*PROBLEM STATEMENT:* Could you copy word for word only the lines between the one containing "Modern agriculture flyer" and the end of the listing below, both included, and leave out the pictures?

*EXERCISE DATA:*

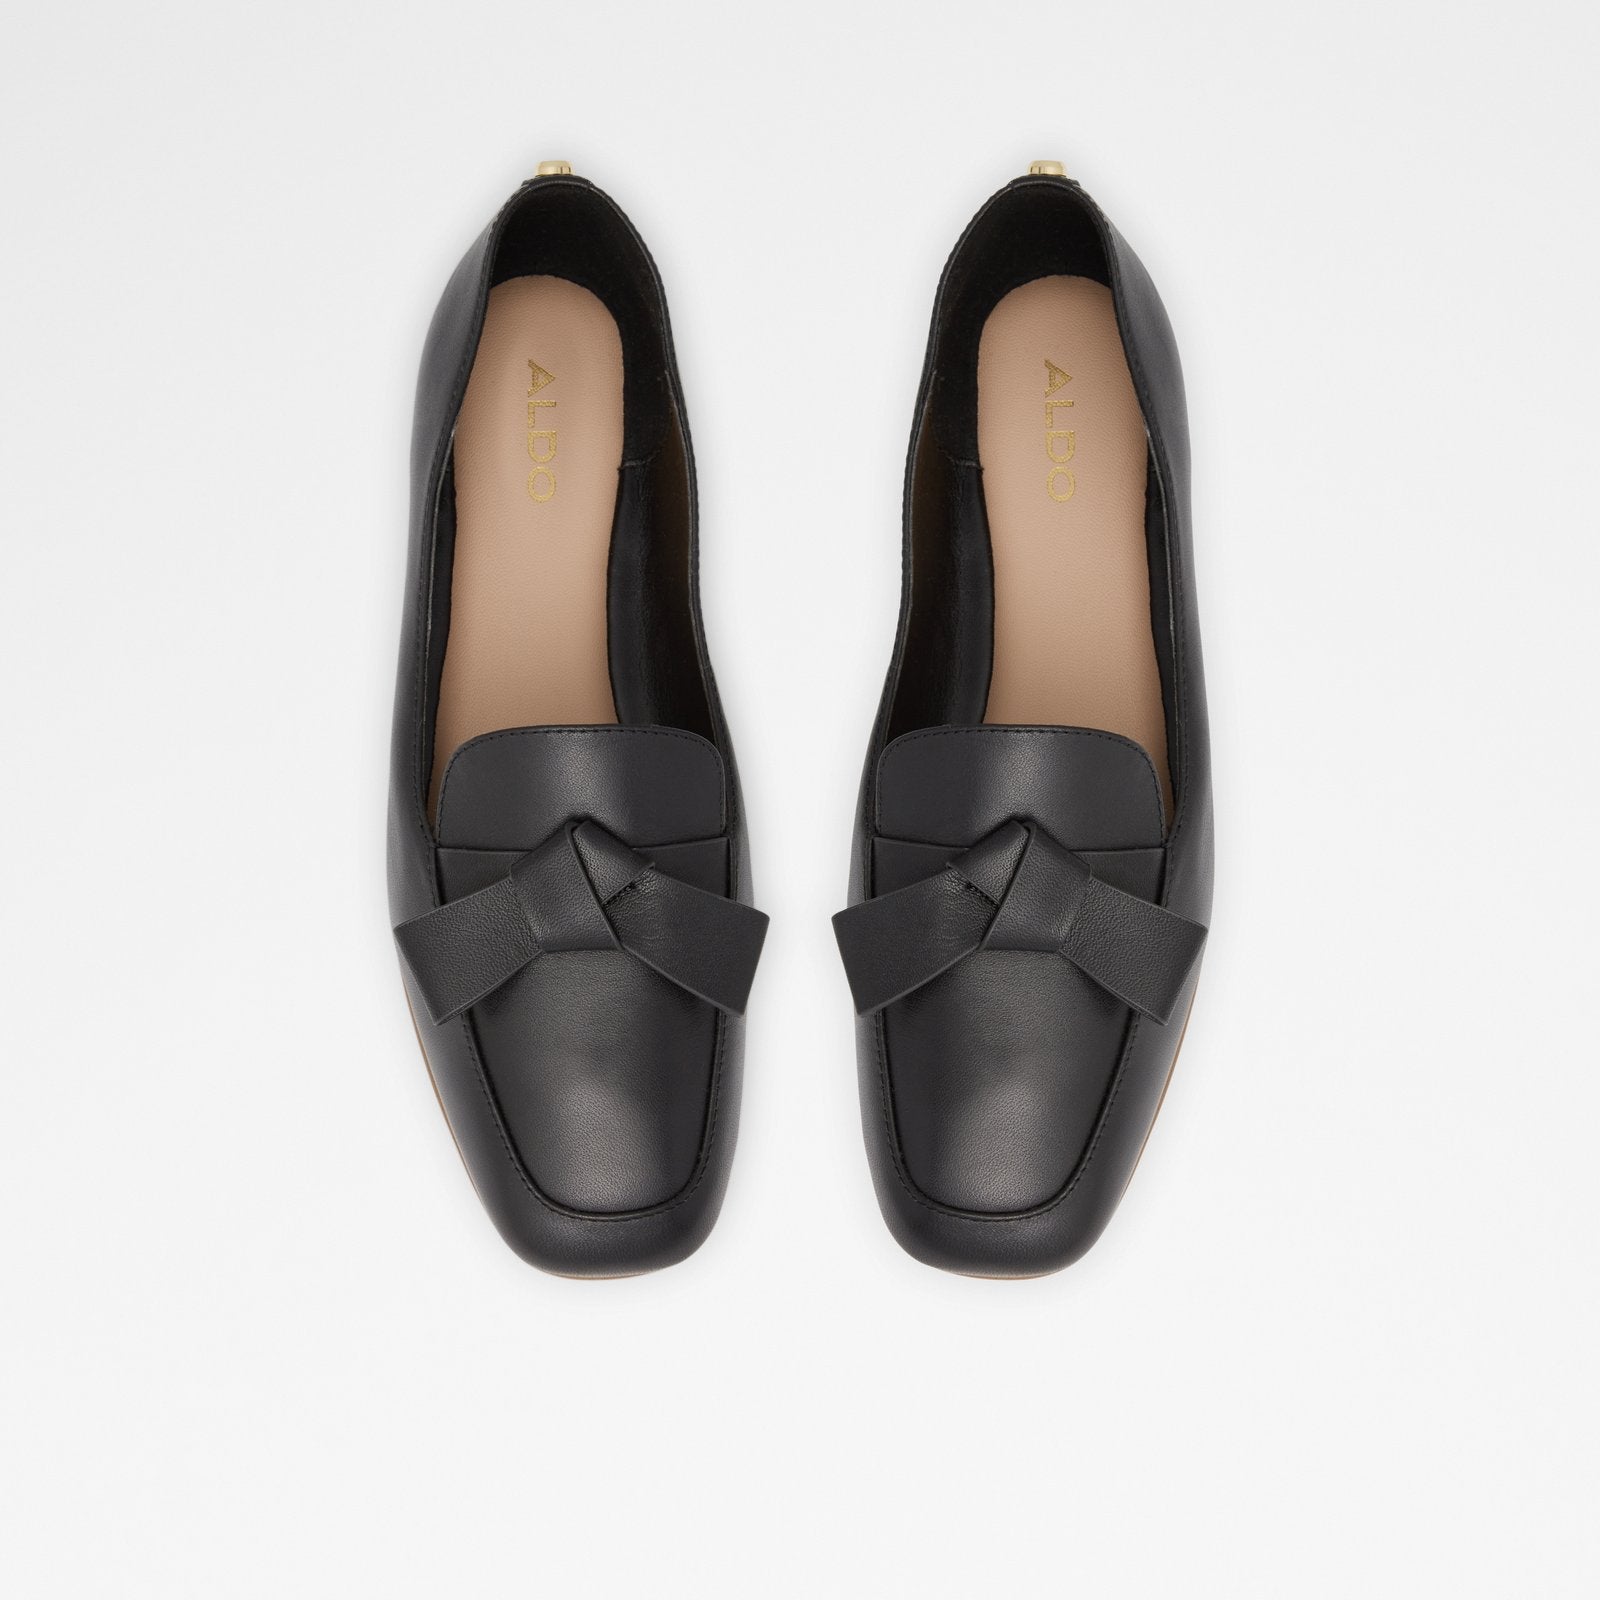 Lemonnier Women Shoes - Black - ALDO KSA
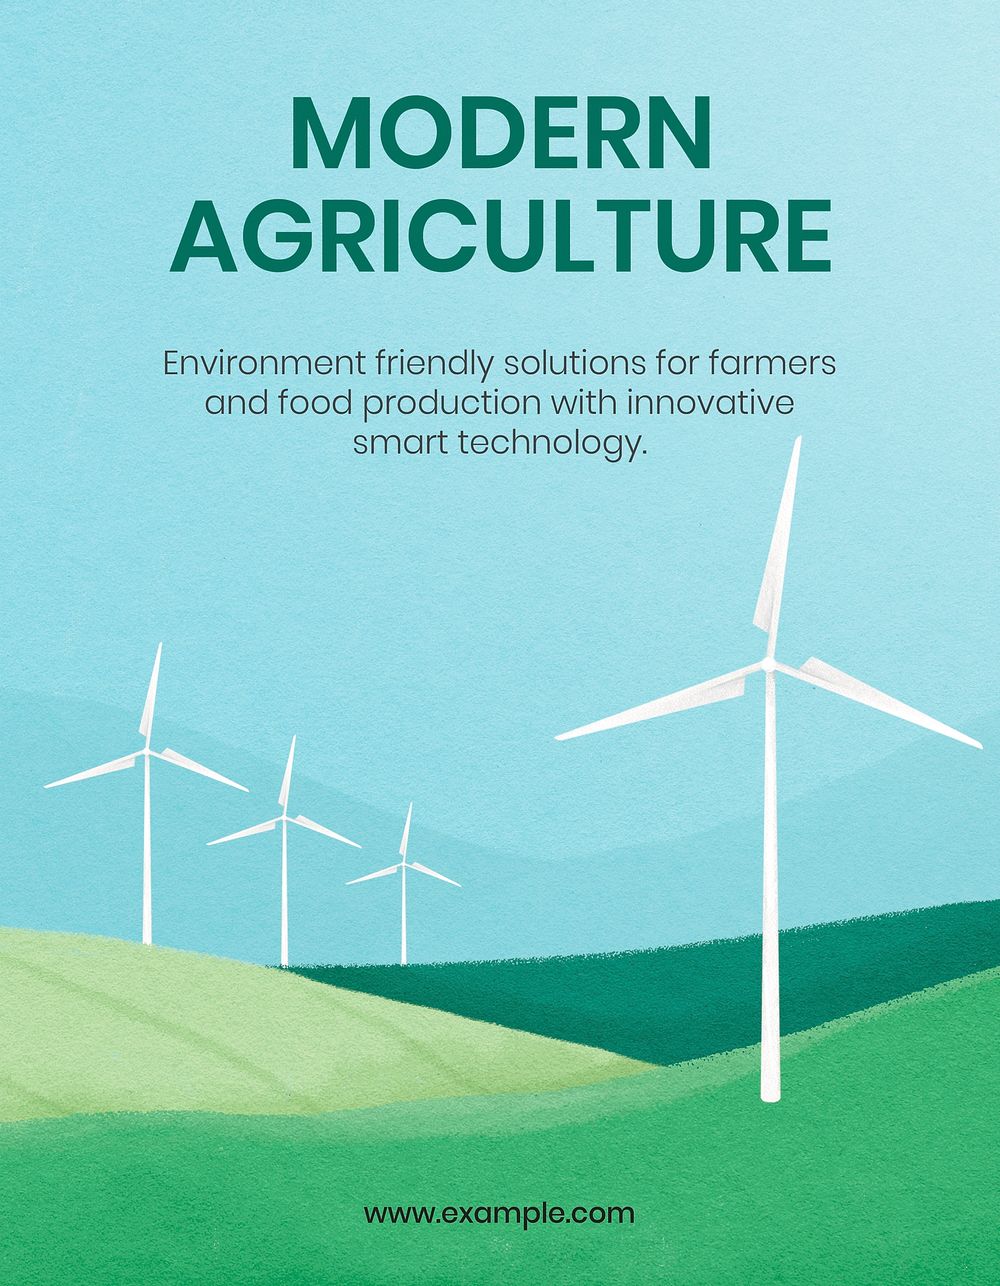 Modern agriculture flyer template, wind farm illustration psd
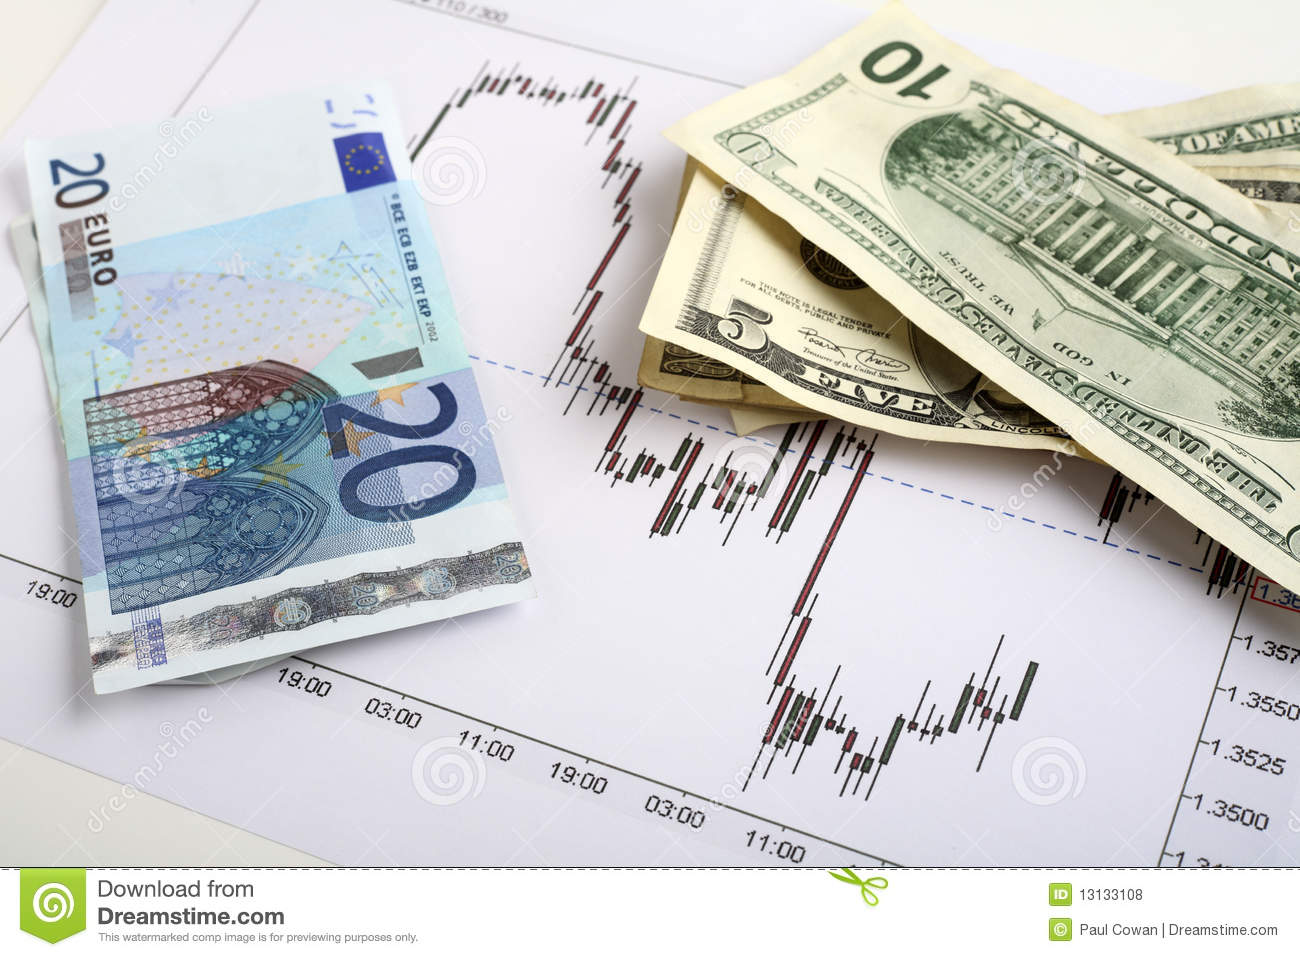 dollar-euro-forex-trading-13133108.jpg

*TASK RESULT:*
 Modern agriculture flyer template, wind farm illustration psd
 dollar-euro-forex-trading-13133108.jpg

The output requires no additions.